# Temple Names



## SparqMan (Feb 1, 2011)

I'm looking for good examples of or inspiration for temple names for various core 4E deities. I've grown tired of just "Temple of Erathis", compared to Moonsong Temple (Sehanine) or House of the Sun (Pelor).

Any ideas?


----------



## Mentat55 (Feb 2, 2011)

Avandra -- Wayfarer's Rest, Traveler's Sanctuary
Bahamut -- The Platinum Chapterhouse
Corellon -- Shrine of the Seldarine, The Garden of Song
Erathis -- Cathedral of the Builder, The Bastion
Ioun -- Temple of Erudition, Shrine of the Eye
Kord -- Lodge of the Thunder God, Temple of the Brawler
Melora -- Grove of the Goddess, Chapel of Tides
Moradin -- The Chapel-Forge, Temple of the First Smith 
Pelor -- Dawnhouse, Chantry of Morning
The Raven Queen -- House of the Dead, Chapel of the Eternal Rest, The Silent Mausoleum
Sehanine -- Bower of the Crescent Moon, House of the Full Moon


----------



## Whizbang Dustyboots (Feb 2, 2011)

Vecna HAS to have a "fane."


----------



## LostSoul (Feb 2, 2011)

I always liked Soulforge for temples of Moradin.


----------



## fba827 (Feb 2, 2011)

Depends a little on what aspect of said god you're going to emphasize, and, frankly, the above ideas are all great.  But here are a couple others off the top of my head ...

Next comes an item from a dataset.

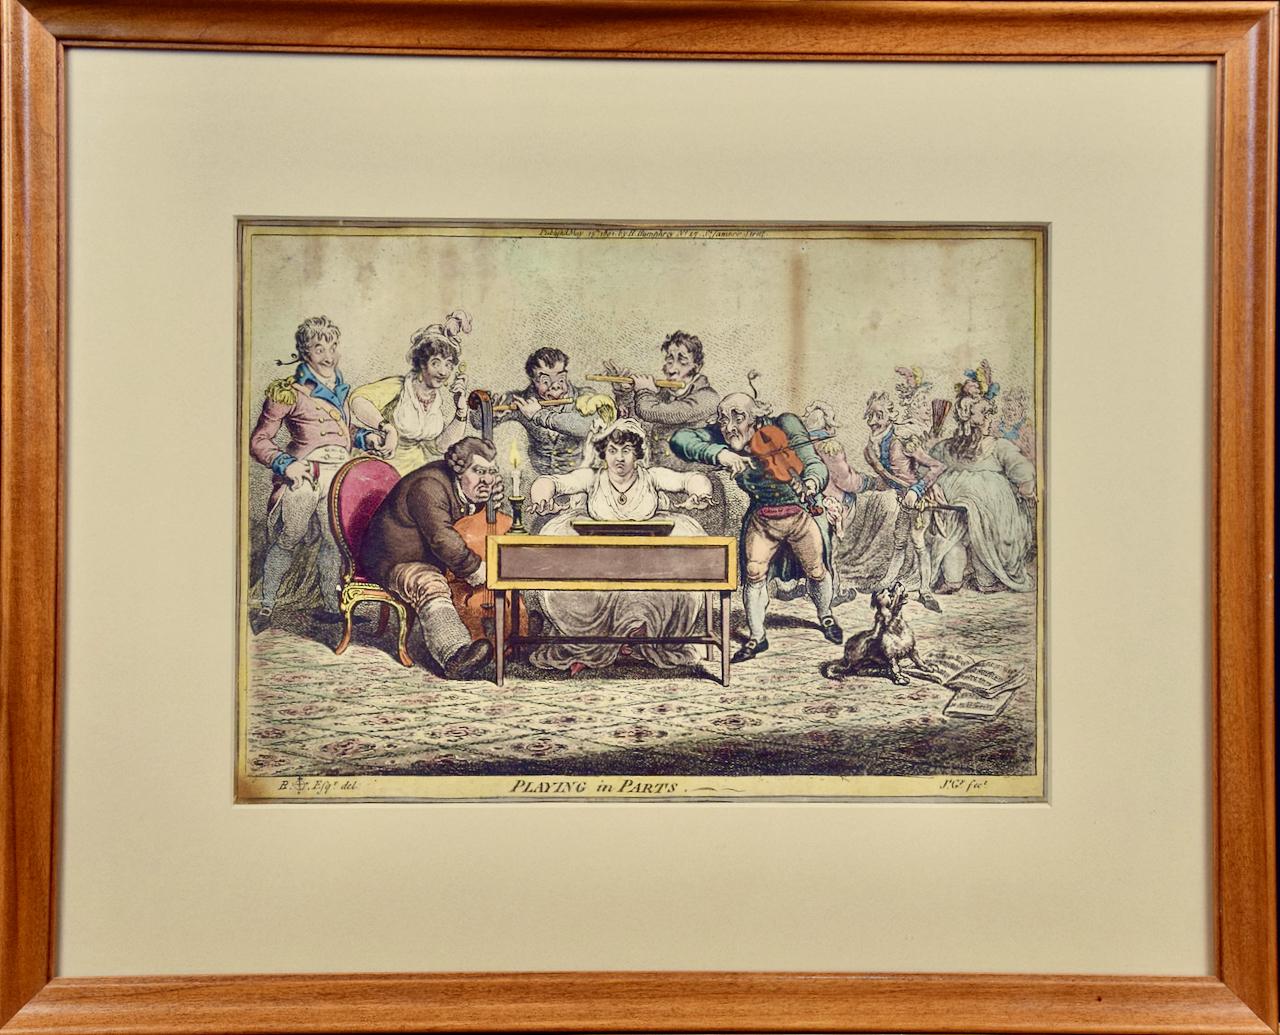 Diese handkolorierte Radierung und Aquatinta-Karikatur mit dem Titel "Playing in Parts" von James Gillray wurde am 15. Mai 1801 in London bei Hanna Humphrey, 27 St. James Street, veröffentlicht. Der Druck ist in der Platte rechts unten signiert.

Bahamut - The Dragon's Den / House of Scales
Erathis - The Town's Heart / The Community Hearth / The Town Hall (aka, it might serve some community purpose in one of it's large rooms, and be referenced as such, but is also a church)
Ioun - The Allseeing Eye
Pelor - House of the Boundless Light
Sehanine - The Lunar Chapel


----------



## Stoat (Feb 2, 2011)

Vecna - St. Cuthbert's Home for Wayward Orphans


----------



## SparqMan (Feb 2, 2011)

fba827 said:


> Erathis - The Town's Heart / The Community Hearth / The Town Hall (aka, it might serve some community purpose in one of it's large rooms, and be referenced as such, but is also a church)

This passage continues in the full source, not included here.